Гейне, мол, поэт «слова, давлеющего самому себе и стремящегося к самосознанию», а поэзия Блока «нутряная», «эмоционально?экспрессивная», он идет «за жизнью, а не впереди нее». Это похоже на оценку М. Эпштейном русской поэзии, как «песенной» и «пустотной», бедной смыслами, тогда как «еврейскую» поэзию Мандельштама и Пастернака философ считает «более густой, вязкой», «перегруженной образами»[154 - М. Эпштейн, эссе «Хасид и талмудист. Сравнительный опыт о Пастернаке и Мандельштаме».]. Вот и получается, что не только у наций есть стихи, но и у стихов есть «нация», или их оценка невольно принимает национальную окраску…
7. Дуэль (продолжение)
Однако вернемся к делу Бейлиса и вызову Мандельштама Хлебникову, а потом, в стихах – и Державину. Вот версия Хлебникова по обрывочной записи в дневнике:
30 или 31 ноября <1913>. <…> „Бродячая собака“ прочел… Мандельштам заявил, что это относится к нему (выдумка) и что не знаком (скатертью дорога).
Рассказ об этой истории продолжен в книге «Миры и столкновения Осипа Мандельштама»:
Текст «Дневника», в связи с деликатностью темы, был опубликован с купюрами, поэтому неизвестно, какое именно стихотворение прочитал Хлебников в «Бродячей собаке». Автограф «Дневника» разыскать не удалось… Похоже, что Хлебников прочитал «Па?люди». Поэт своеобразно рассказал о дуэли в 14 главе поэмы «Жуть лесная», предваряя свой рассказ призывом к высокому авторитету в «еврейском вопросе» (речь о Державине – Н.В.):
Хотя (Державина сюда!)
Река времен не терпит льда.
Я в настроеньи Святослава
Сюда вошел кудрями желтый.
Князь Святослав в русской историографии считается разрушителем Хазарии. В «Повести временных лет» писано:
В лето 6473 (965) пошёл Святослав на хазар. Услышав же, хазары вышли навстречу ему со своим князем каганом и сошлись биться, и в битве одолел Святослав хазар, и столицу их и Белую Вежу взял.
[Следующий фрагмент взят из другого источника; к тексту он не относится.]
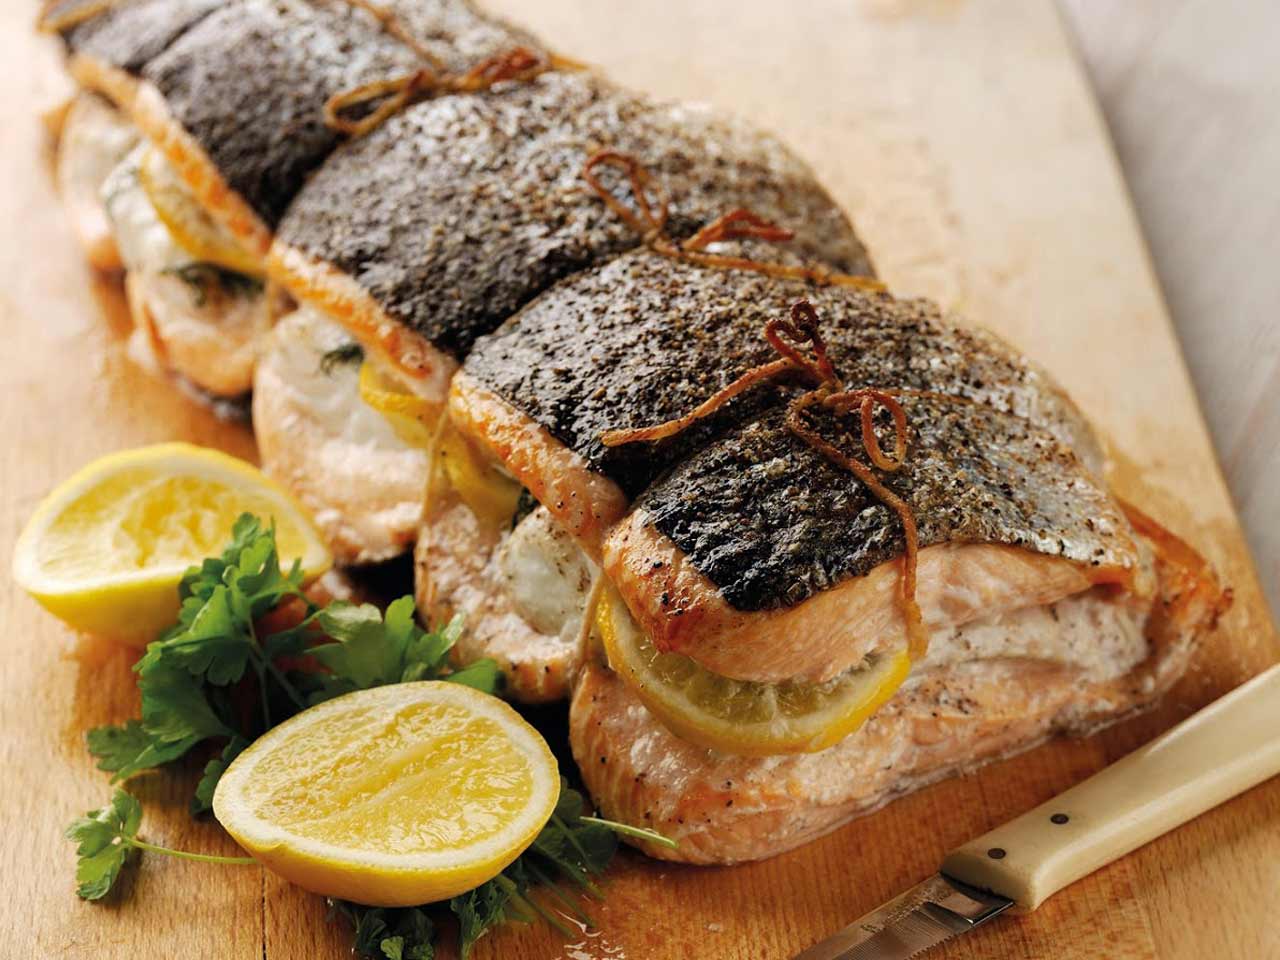 Salmon fillets stuffed with cod

Хлебников вошел в «Бродячую собаку» «в настроеньи Святослава», то есть с желанием, как писал Блок: «размахнуться, и дать в зубы», и тут же он, совсем не случайно, вспоминает Державина («Державина сюда!»). Последний, надо полагать, привлекается как авторитет по борьбе с еврейством. Дело в том, что Павел Первый, вернув Державина на службу, направил его с инспекционной поездкой в Белоруссию, разобраться с обострившимся там «еврейским вопросом», в результате чего появилась официальная записка Державина государю под названием «Мнение сенатора Державина об отвращении в Белоруссии недостатка хлебного обузданием корыстных промыслов Евреев, об их преобразовании и о прочем». Голод, имевший место в Белоруссии в тот период объяснялся Державиным «корыстными помыслами Евреев», прежде всего тем, что евреи местных христиан спаивали, отнимая, таким образом, последние средства к существованию. Солженицын в своем известно труде «200 лет вместе» приводит такой фрагмент из реляции Державина:
Также сведав, что Жиды (везде с большой буквы – Н.В.), из своего корыстолюбия, выманивая у крестьян хлеб попойками, обращают оный паки в вино и тем оголаживают (раздевают до гола – Н.В.), приказал винокуренные заводы их… запретить. <…> собрал сведения… относительно образа жизни Жидов, их промыслов, обманов и всех ухищрений и уловок, коими… оголаживают глупых и бедных поселян, и какими средствами можно оборонить от них несмысленную чернь…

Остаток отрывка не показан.